SUPPLIED MATERIAL
____

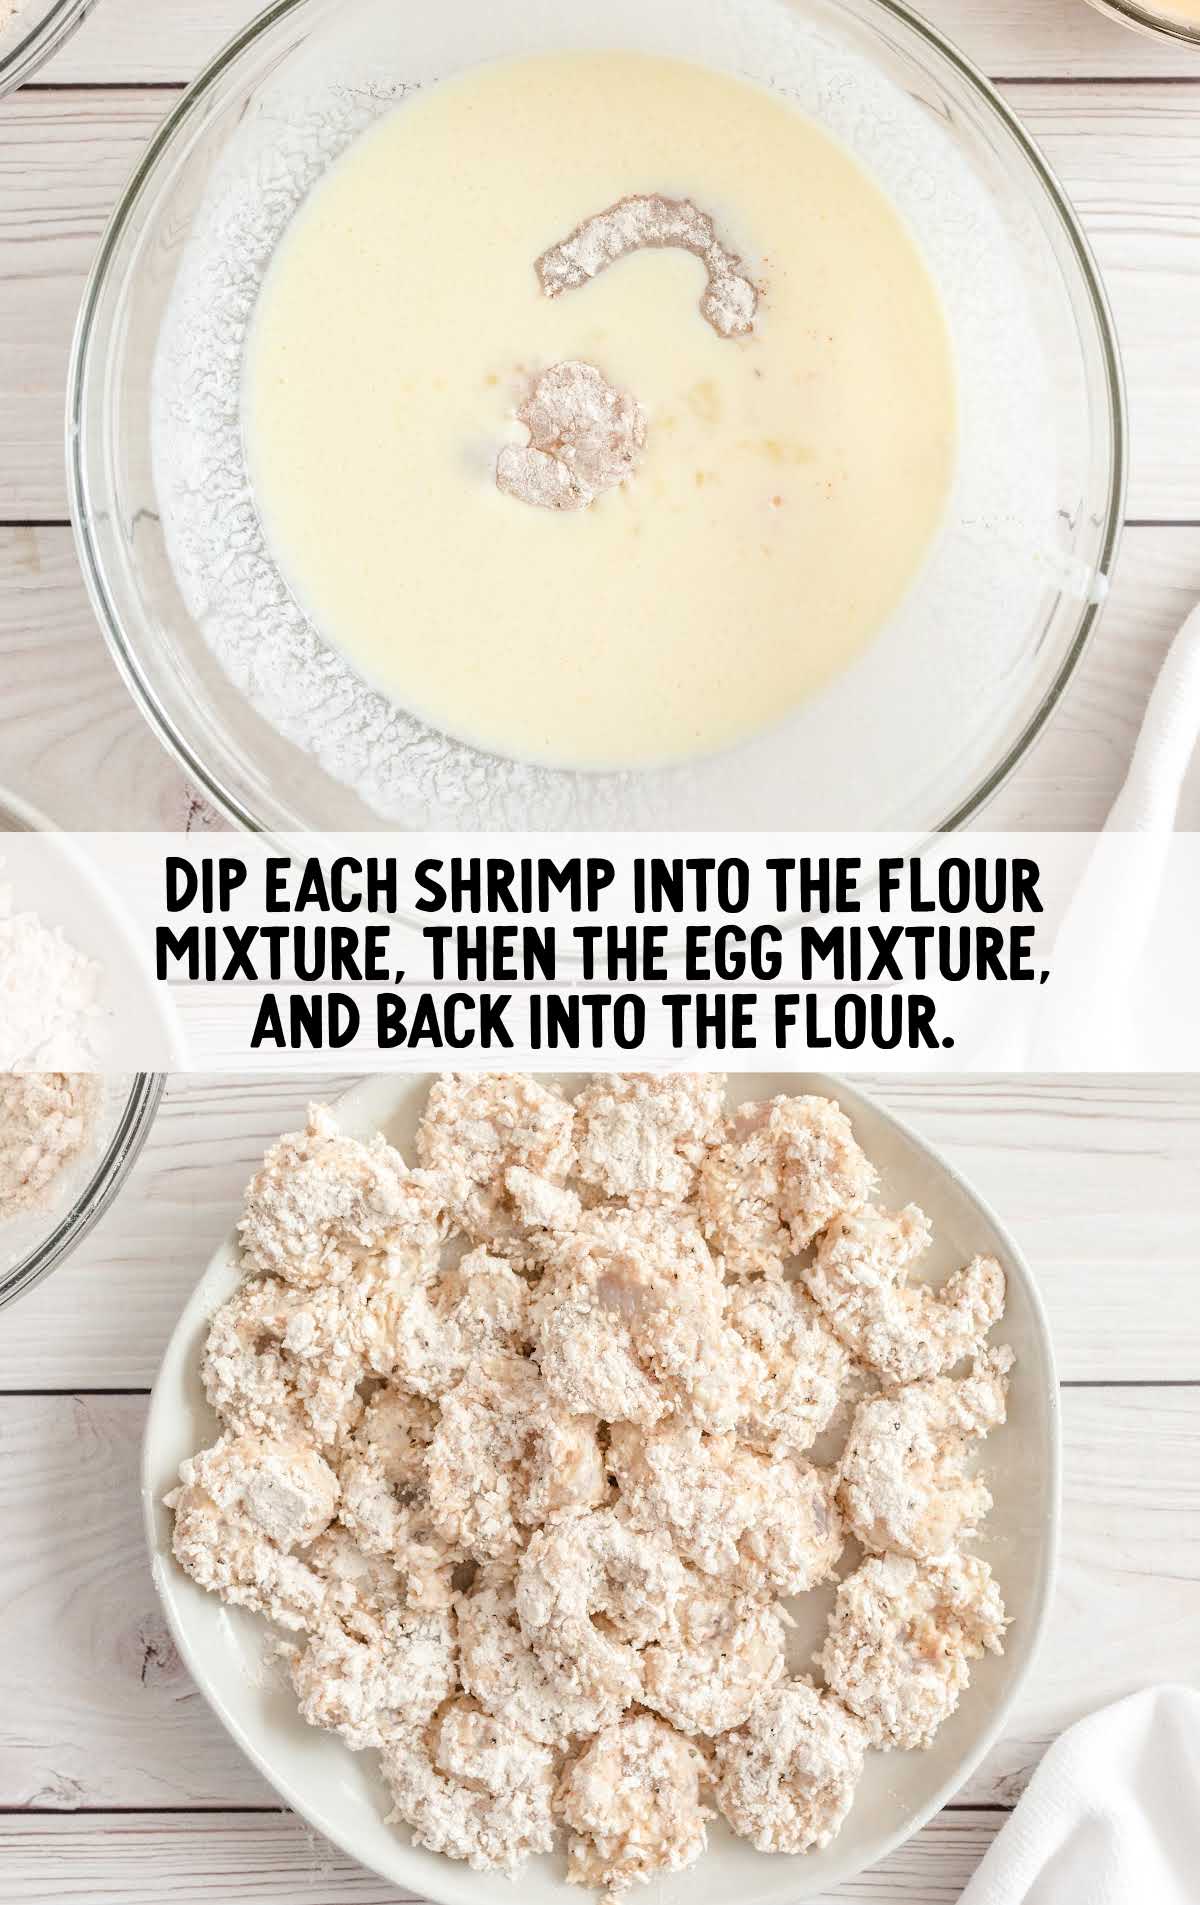 shrimp dipped into the egg mixture then into the flour mixture
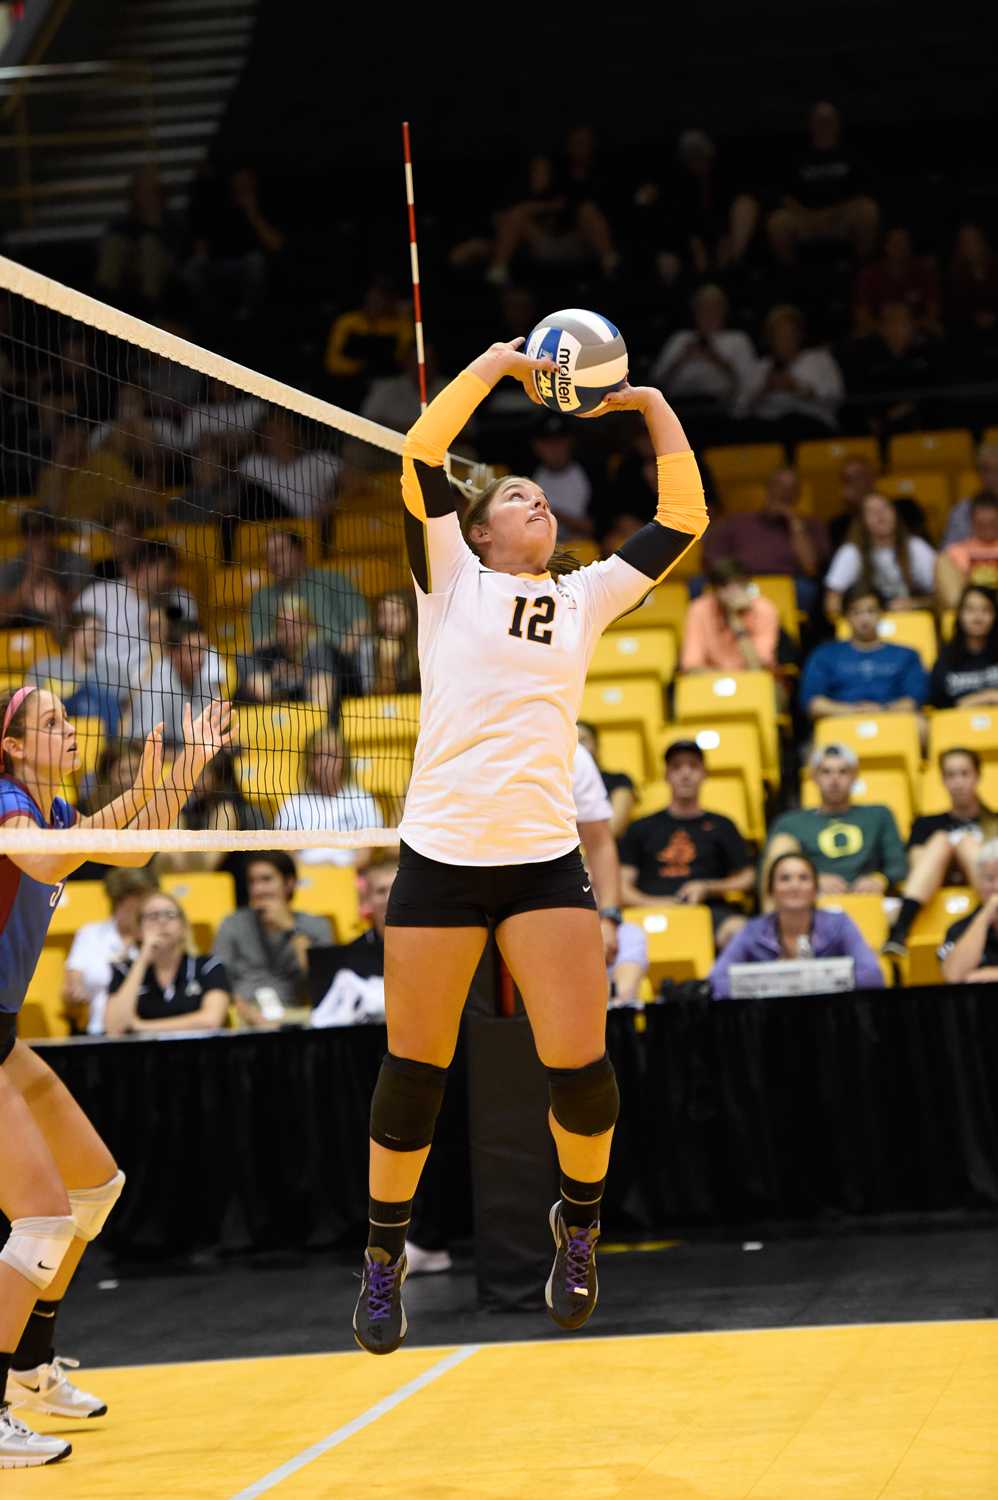 Senior setter Paige Browns impressive records during the 2014-2015 season  earned her this years Sun Belt Preseason Setter of the Year honor. Photo by Justin Perry.
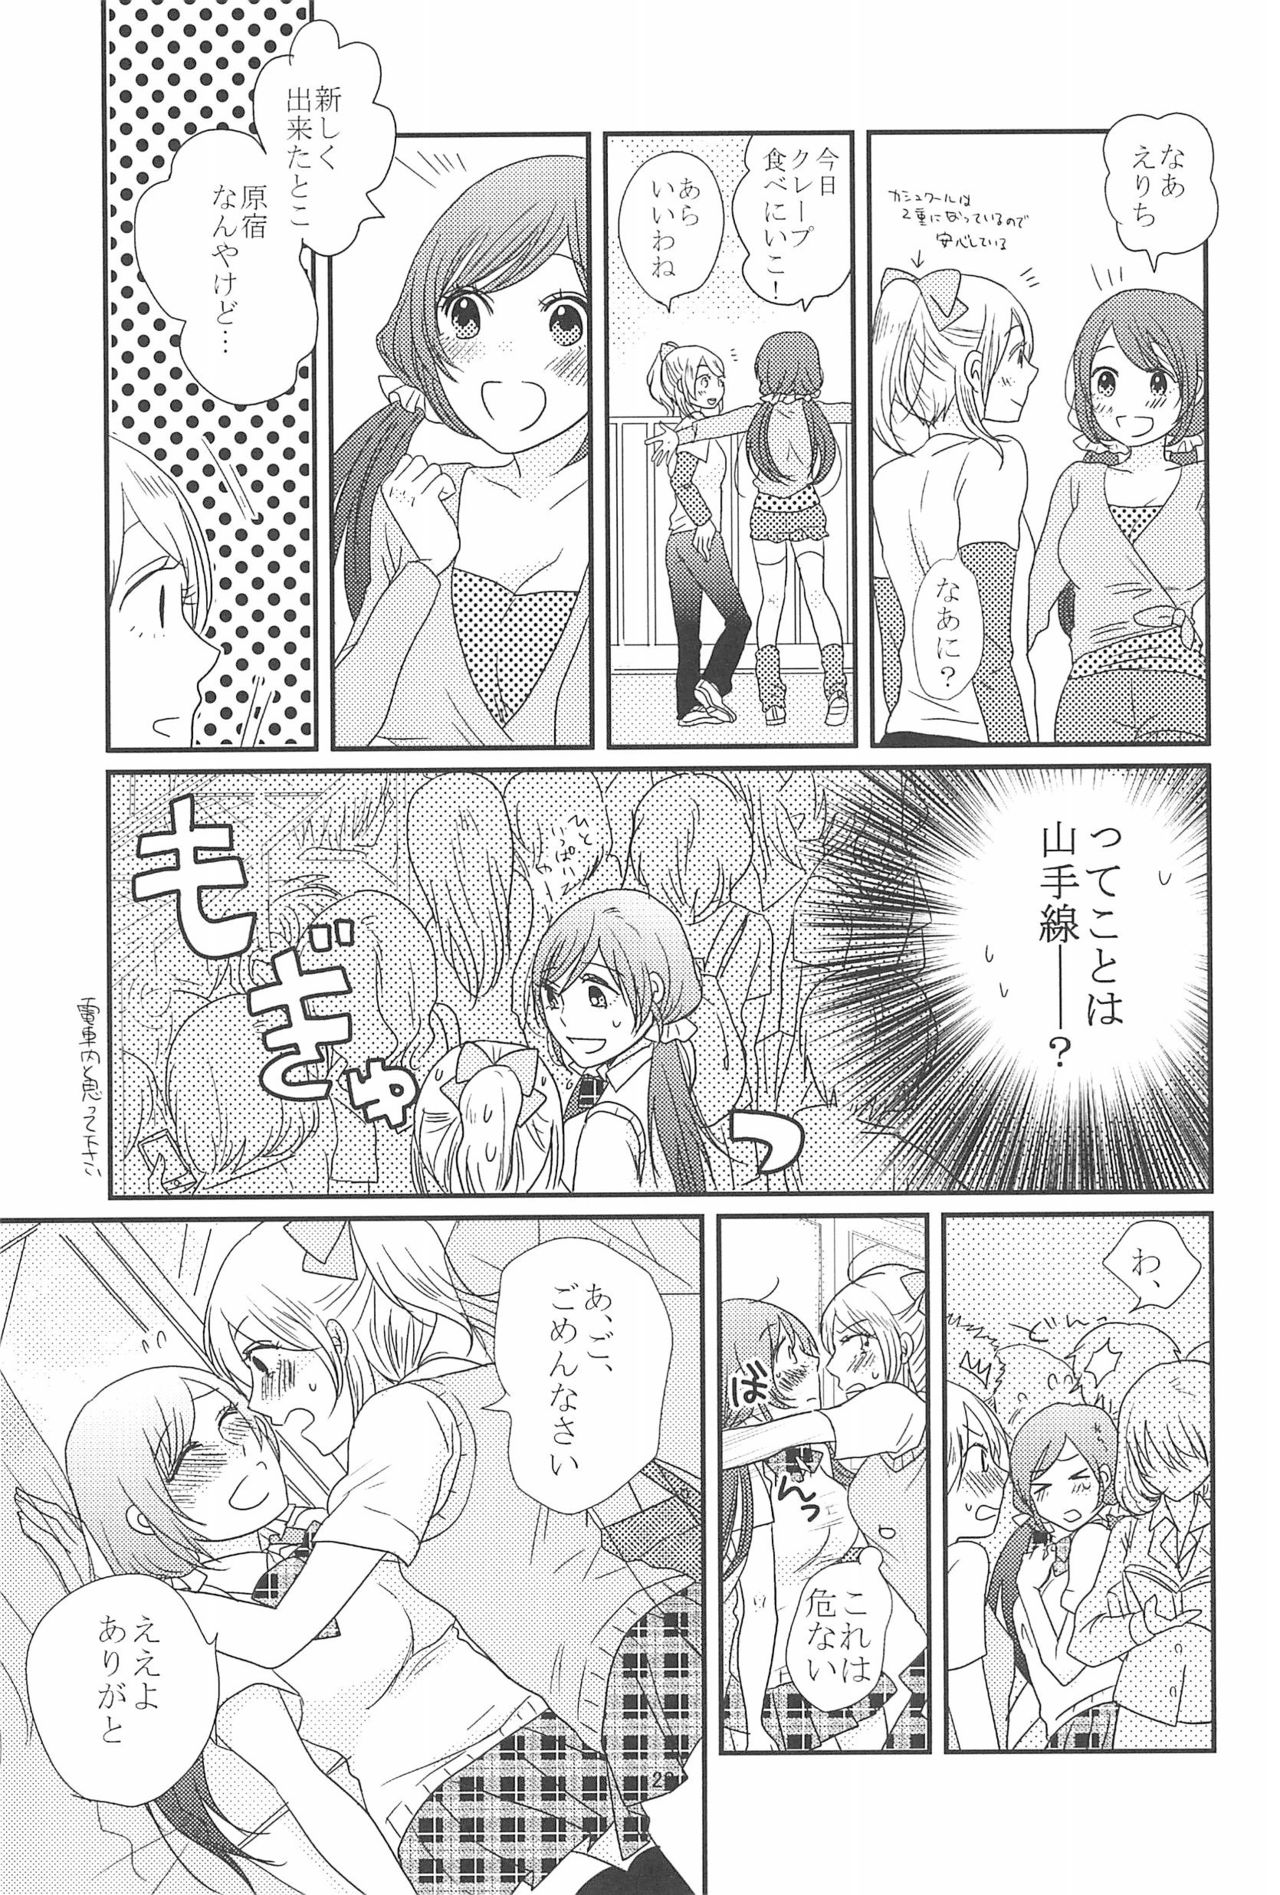 (C90) [BK*N2 (Mikawa Miso)] HAPPY GO LUCKY DAYS (Love Live!) page 27 full

____

WHAT IS REQUIRED
Hand back exactly the lines from the one with "Senior setter Paige" through the last line of the data above, both ends included, with every picture left out.

PROBLEM SOLUTION
 Senior setter Paige Browns impressive records during the 2014-2015 season  earned her this years Sun Belt Preseason Setter of the Year honor. Photo by Justin Perry.
 (C90) [BK*N2 (Mikawa Miso)] HAPPY GO LUCKY DAYS (Love Live!) page 27 full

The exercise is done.